Homeschoolers have chosen their route for a variety of reasons, including the fact that their gifted child didn’t fit in a school classroom. But even homeschoolers of children not identified as gifted can have valuable advice for teachers in the classroom.
1. It is possible—and even rewarding—to teach children at a variety of academic levels in the same room.
Homeschoolers who have more than one child are likely to be teaching a wider range of skills in one day than any public school teacher. Of course, they have fewer students, but the techniques they have learned to teach their children can be adapted to the classroom.
Many teachers are resistant to learning about differentiation in the classroom. But homeschoolers embrace differentiation as fundamental to education. For example, a homeschooling family approaches a science experiment like sprouting beans with the attitude that everyone can learn at their own level:
The youngest child would simply enjoy the wonder of watching her small, dry bean split then push out life with the simple addition of water.
The younger elementary child will be expected to keep a calendar of observations: how long did it take the seed to split? What part of the plant came out first? If the seed was upside-down, which direction did the sprout grow?
The advanced elementary child would be expected to learn more about the growth cycle, do more detailed drawings with labels, and perhaps make predictions about how conditions would effect the growing plant.
The middle school-aged child would use the scientific method to design an experiment; for example, growing seeds in different amounts of sunshine or with different amounts of water. He would do diagrams, chart growth, and finally, write a paper based on his findings.
Each child does the same basic experiment, but expectations of performance are based on the skills, knowledge, and abilities going in, not the fact that the children happen to attend school in the same location.
2. The teacher doesn’t have to be an expert in something to teach it.
Homeschoolers are famous for learning from their children. No homeschooler starts on the journey thinking that he or she knows everything the children will need to learn.

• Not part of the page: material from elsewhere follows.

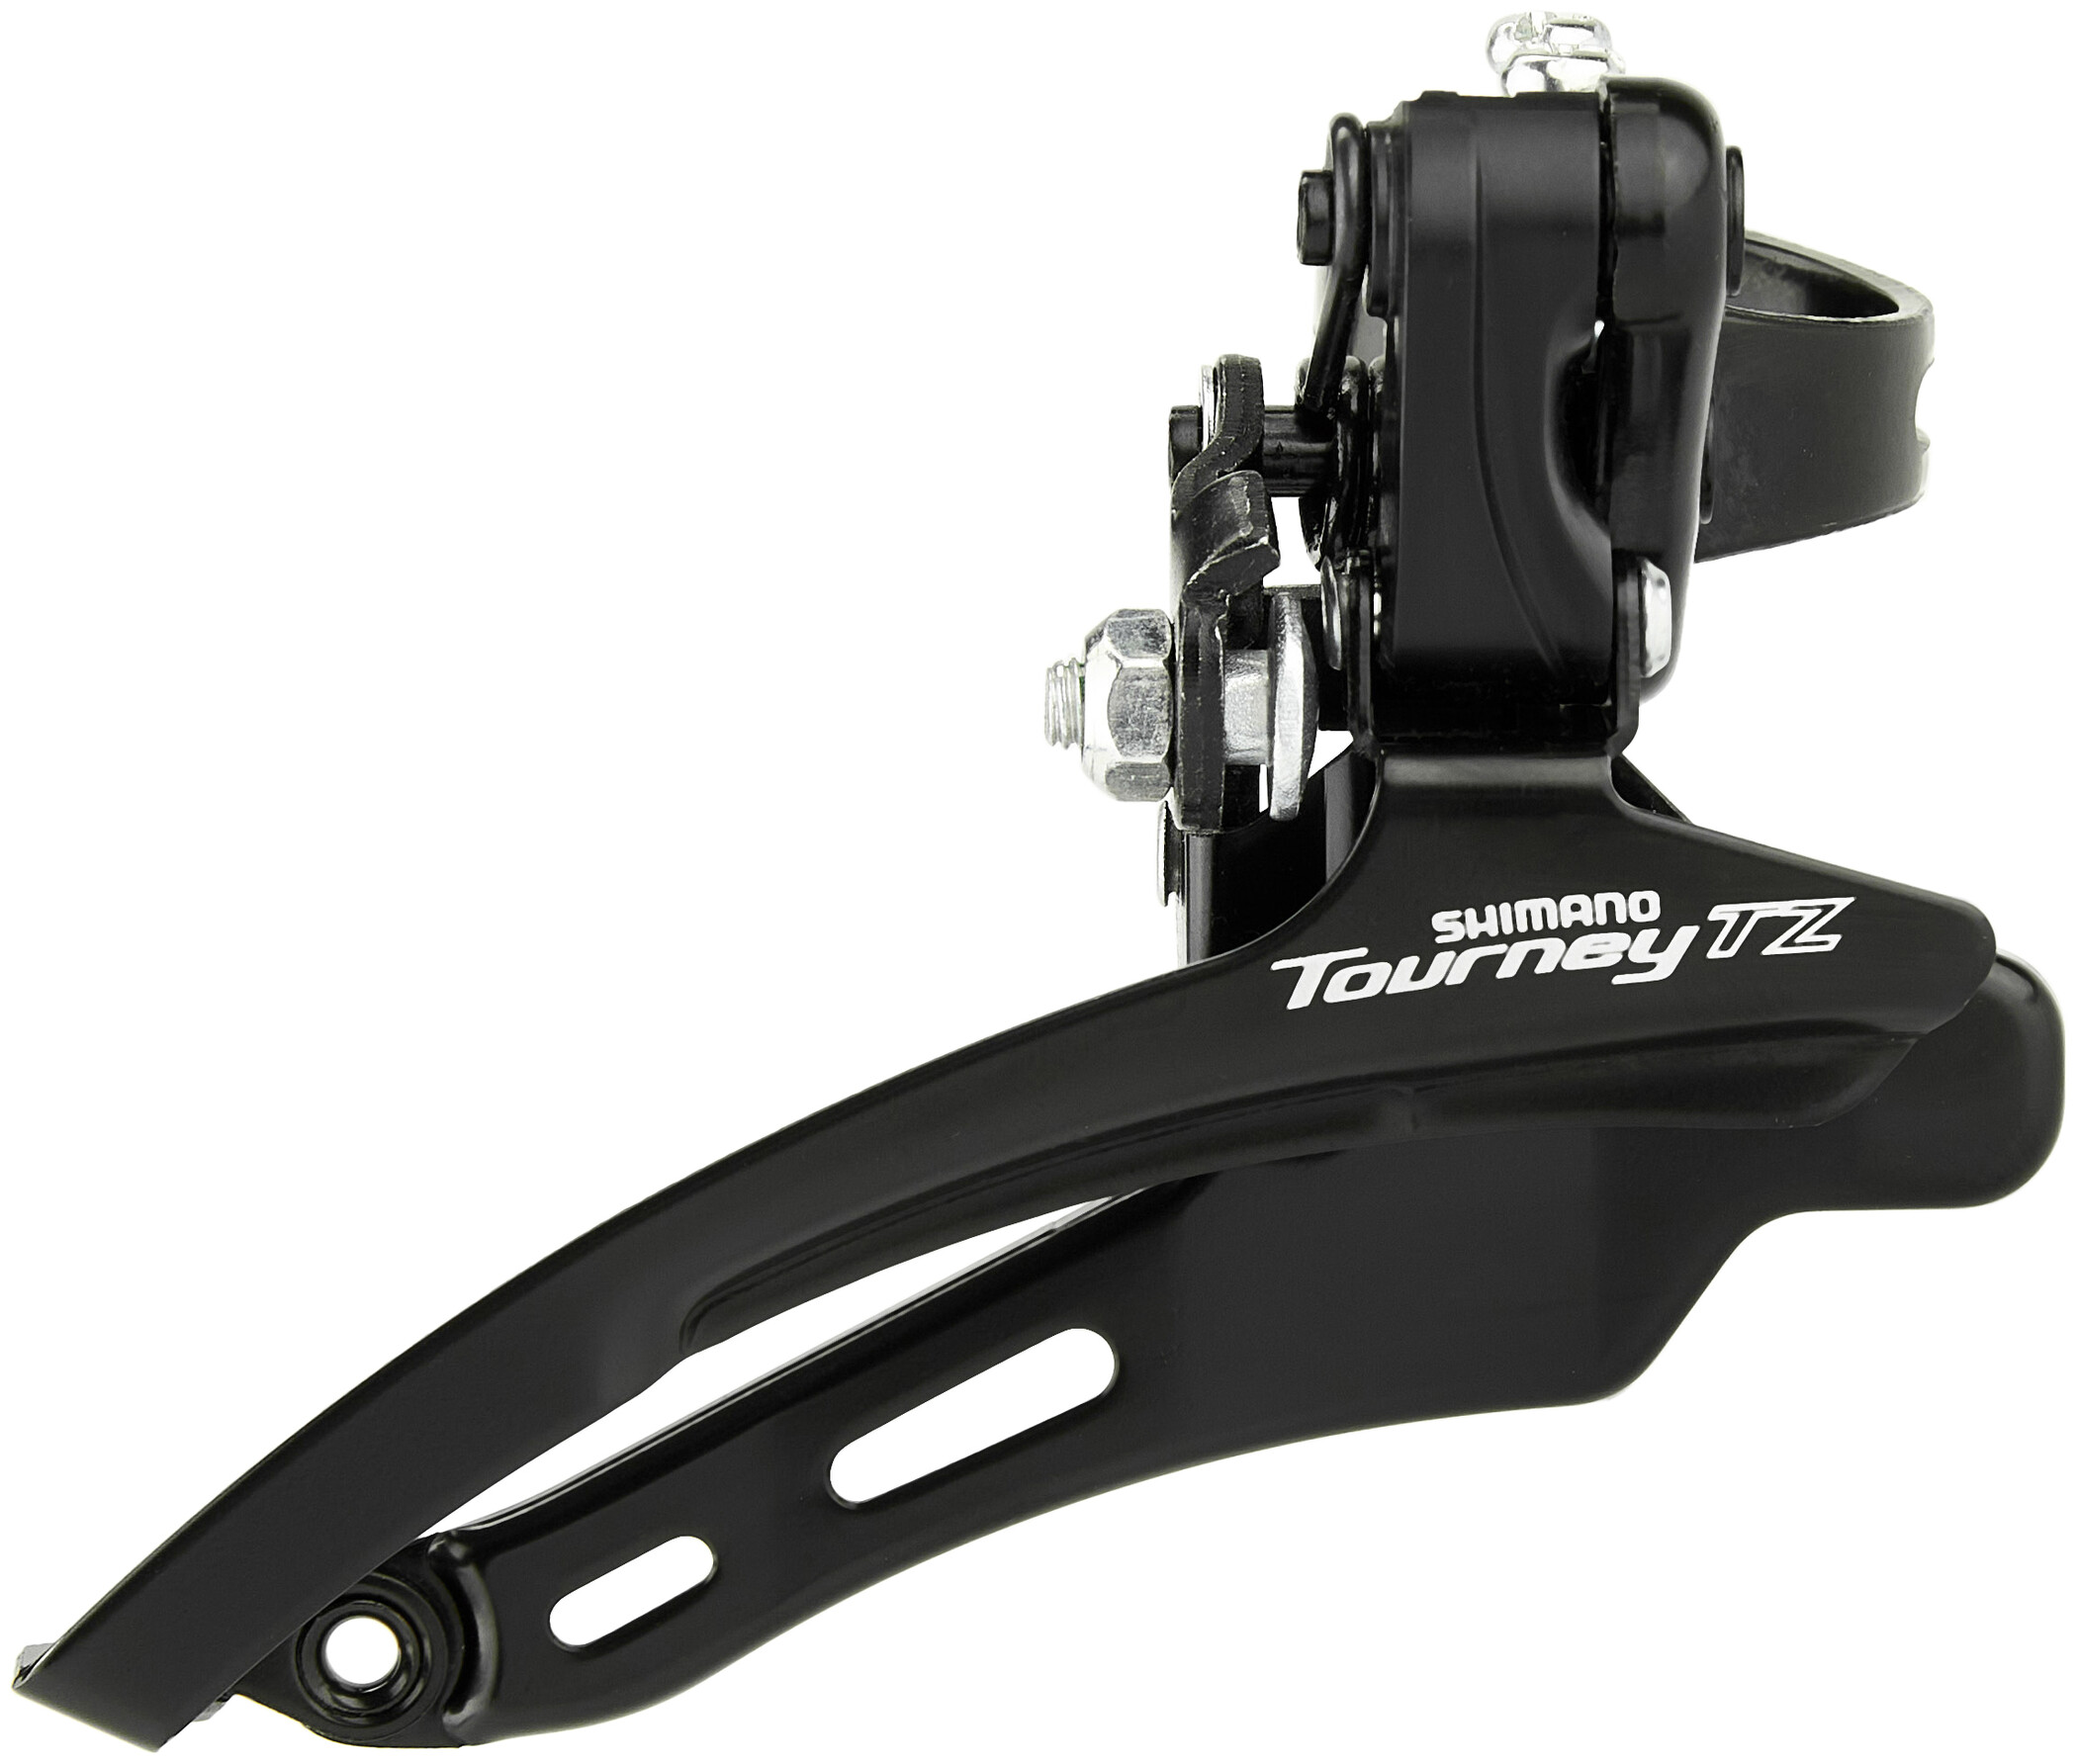 Shimano Turney TZ Fd-tz510 6 Speed Front Derailleur Down Swing Black for sale online

Teachers, on the other hand, are supposed to master curriculum then teach it. The arrival of a gifted learner can upset the classroom balance if he knows more than the other kids, has mastered all the available curriculum, and may even surpass the teacher’s knowledge in a subject.
Homeschooling parents see themselves as guides and see each child’s natural inquisitiveness as a challenge. When one of their children excels in an area, they don’t ask her to slow down, to wait for other kids, or to do the same things she has mastered over and over.
Again, a homeschooler is likely to be guide to many fewer children than a classroom teacher, but a teacher who sees herself as a guide rather than the repository of knowledge will find dealing with a gifted child easier and also more fulfilling.
3. All children are asynchronous learners.
Teachers learn a falsehood that is reinforced over and over by our school system, our curriculum, and our standards. This falsehood is that children learn at the same rate, and that there is a natural order to how things must be learned.
Every homeschooler learns the truth sooner or later, and it’s his children who teach him.
All children are asynchronous. They all learn at different rates and are ready to learn some information at different times. There is nothing “wrong” with a gifted third-grader who has no interested in memorizing math facts but is fascinated with algebraic equations.
A classroom that is set up with the expectation that children will fall easily in step with the theory the teacher believes in will fail for gifted learners. Gifted learners stick out because they are more different than other children, not because the other children are not different, as well.
A classroom set up to nurture gifted learners will emphasize learning and de-emphasize evenly spaced progression through curriculum. A teacher who wants to nurture his gifted learners will respond to their passions by encouraging rather than trying to stifle them.
4. The digital age is here and should be embraced.
Teachers of today are still teaching in the classroom of yesterday. Teachers depend on textbooks and passive students rather than dynamic learning and proactive students.
Homeschoolers are finding less and less to love in textbooks, and more and more to love online. New digital technology offers instruction tailored to every type of learner. Much of it is free.
Instead of dismissing kids’ web surfing as a waste of time, teachers can encourage their gifted learners to deepen their classroom experience through online exploration. While learners with remedial needs get more classroom instruction, the gifted learners could watch National Geographic programs about their current social studies topic, learn new math skills for free on Khan Academy, and attain useful skills like typing from the BBC.